The thing is, these men are unlovable.  They refuse to be redeemed.  They refuse instruction from anyone and everyone.  But, we submitted to them anyway, believing that we were honoring our God by honoring our men.  Our naivete was our downfall.  I don’t say that to accept or place blame.  I’m merely exploring how to not get caught in this trap again.  And, I’m noticing a pattern.

There are plenty of nonChristian victims out there, too.  And, their stories need to be dissected as well.  I’m just saying that in my case and for the women my brother was involved with, hard core evil men went shopping for victims at church.

We need to analyze how we got here to make certain we never come here again.  We need to be able to recognize the warning signs.

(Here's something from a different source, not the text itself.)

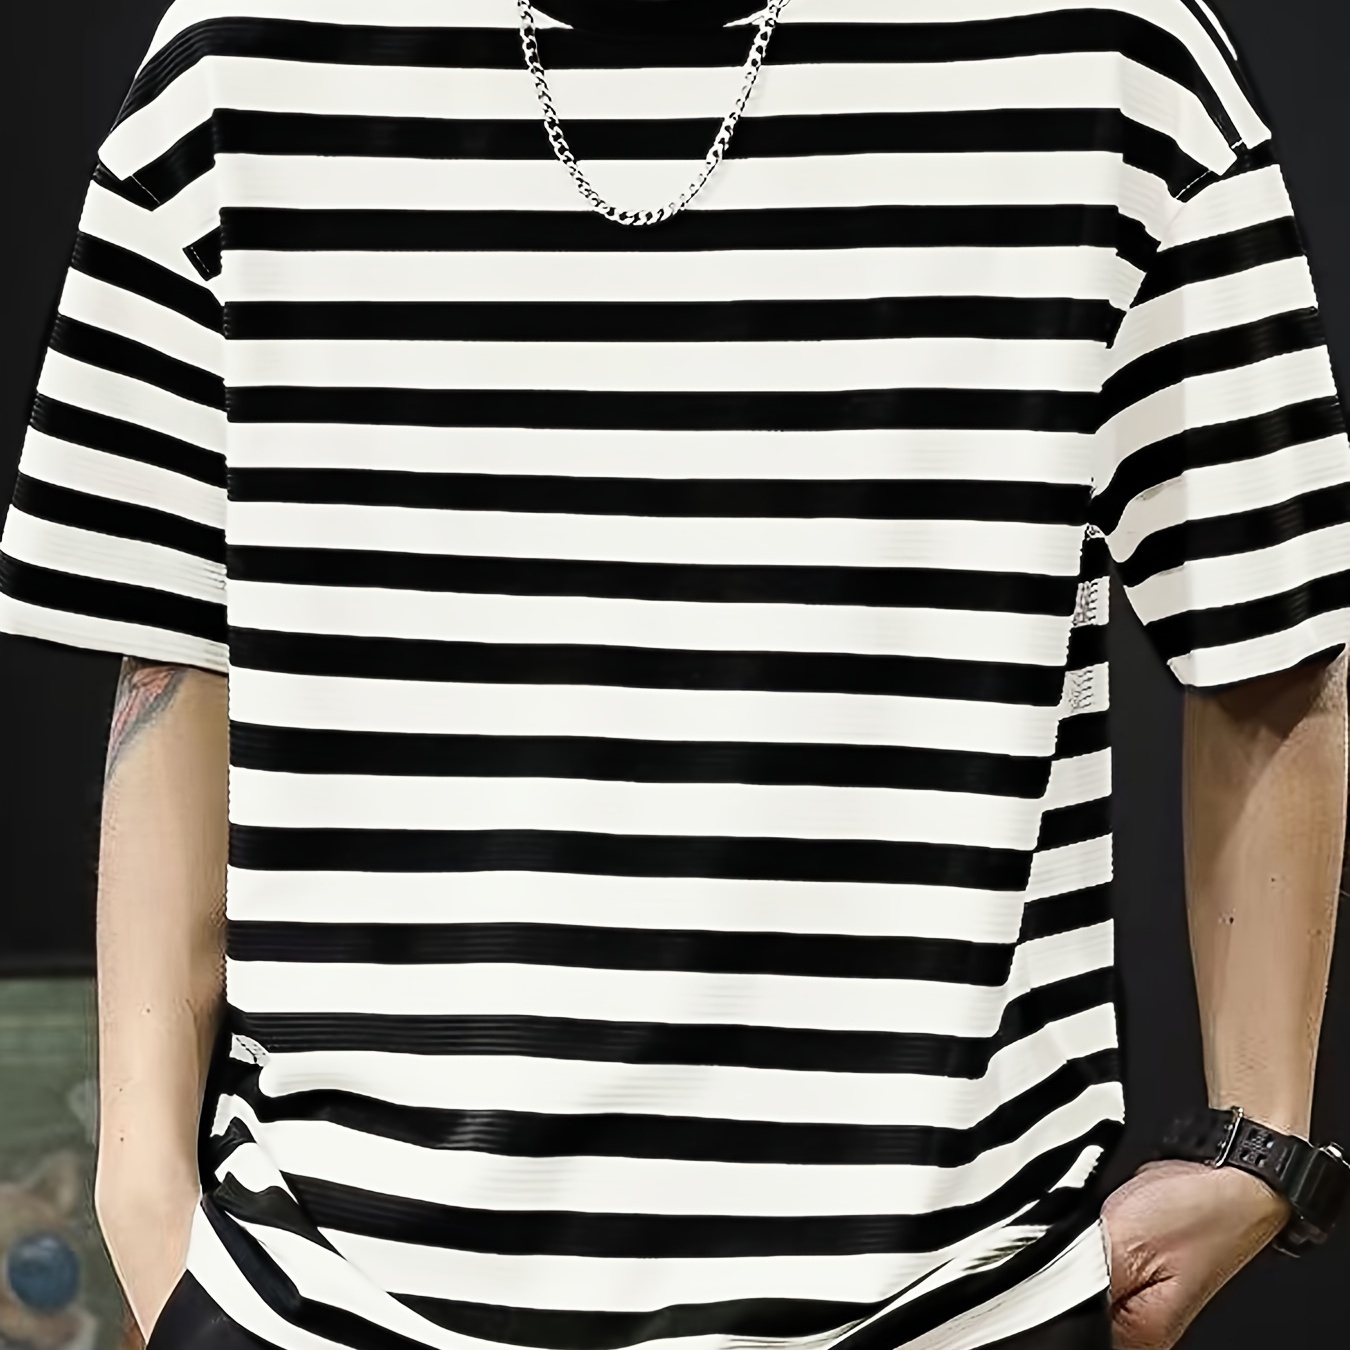 

Men's Striped T-shirt, Casual Short Sleeve Crew Neck Tee, Men's Clothing For Summer Outdoor
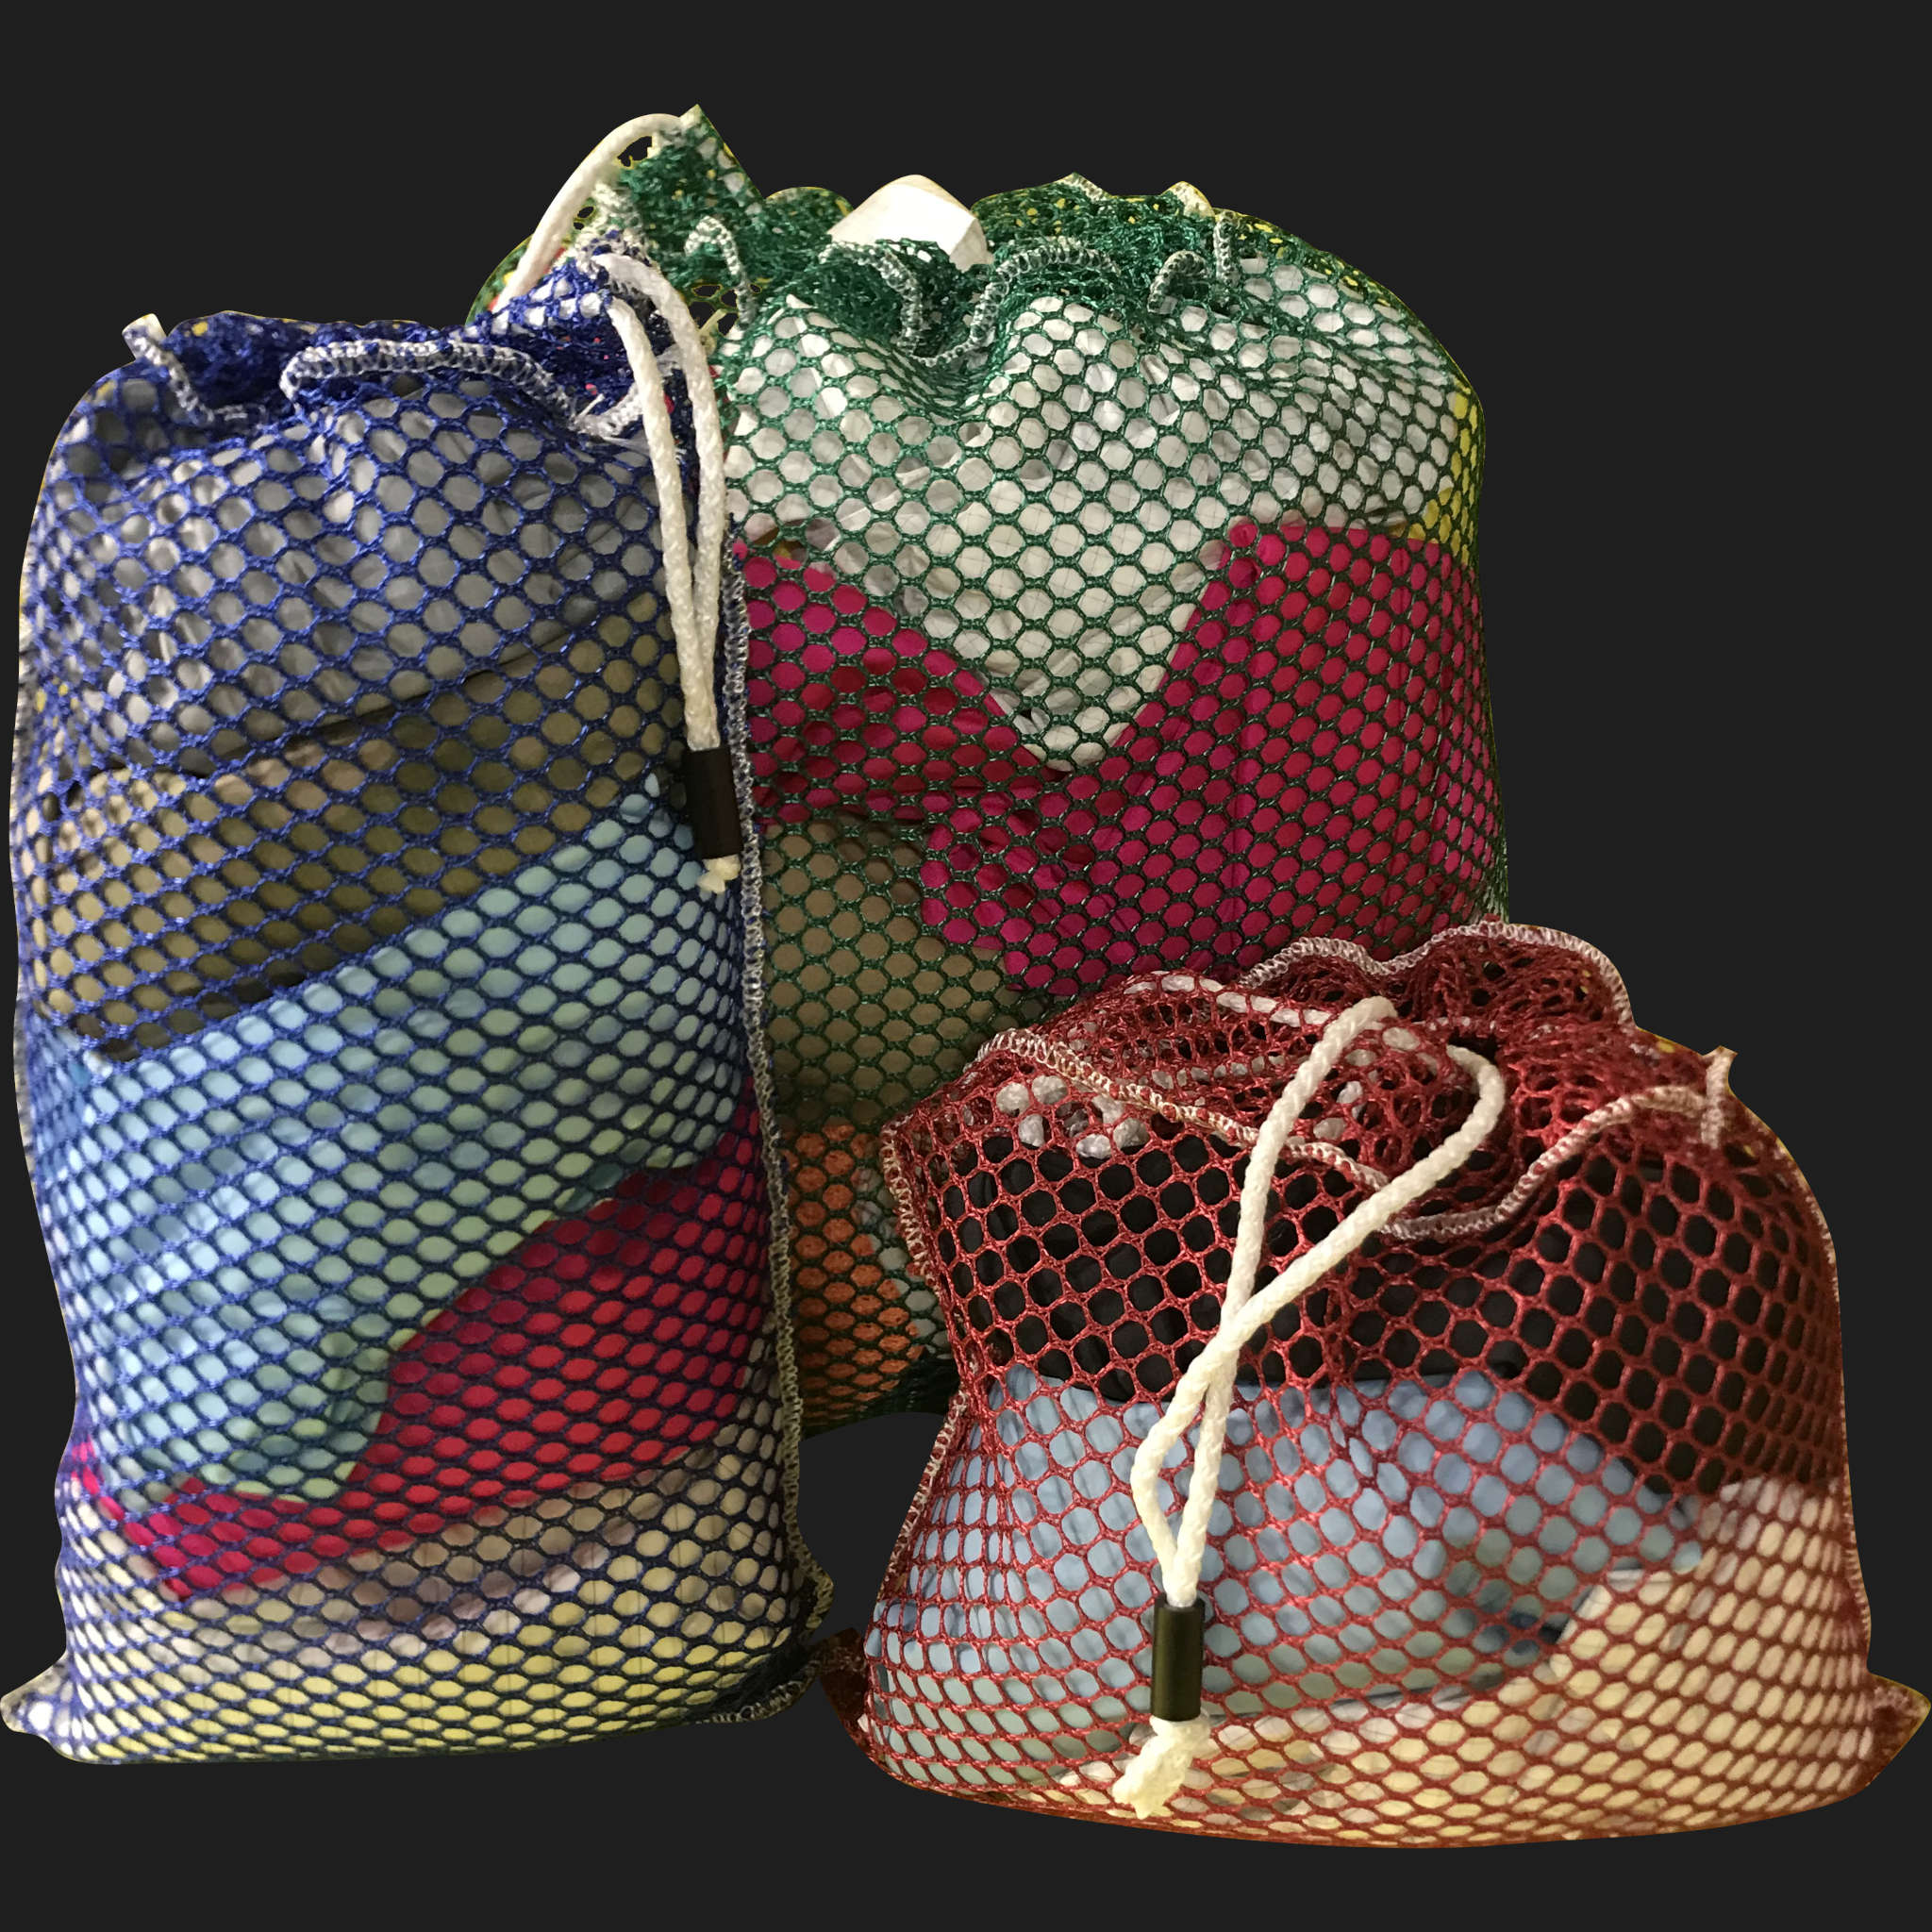 54" x 66" Customized Mesh-Net-Laundry Bags Heavy Duty with Cord and barrellock closure

The Bible tells us to be wise as serpents and innocent as doves.  For some reason, I’ve placed high value on the innocent part and failed to lay claim to the wisdom.  Wisdom would have told me that a man with pictures of satan all over his house has not recently been filled with the Holy Spirit.  Wisdom would have told me that a man who wants to learn about God but can barely read would be finding himself a church.   Wisdom would have told me that a man who left three wives was a habitual covenant breaker.

Wisdom would have told me to be afraid.  Very afraid.  It would have yelled at me to run.  Run fast and never look back.   Instead, I dropped to my knees and prayed for God to make him into the man I had originally believed him to be.  And, with head bowed and eyes closed I failed to notice I was in his cross-hairs.  I had become the perfect target.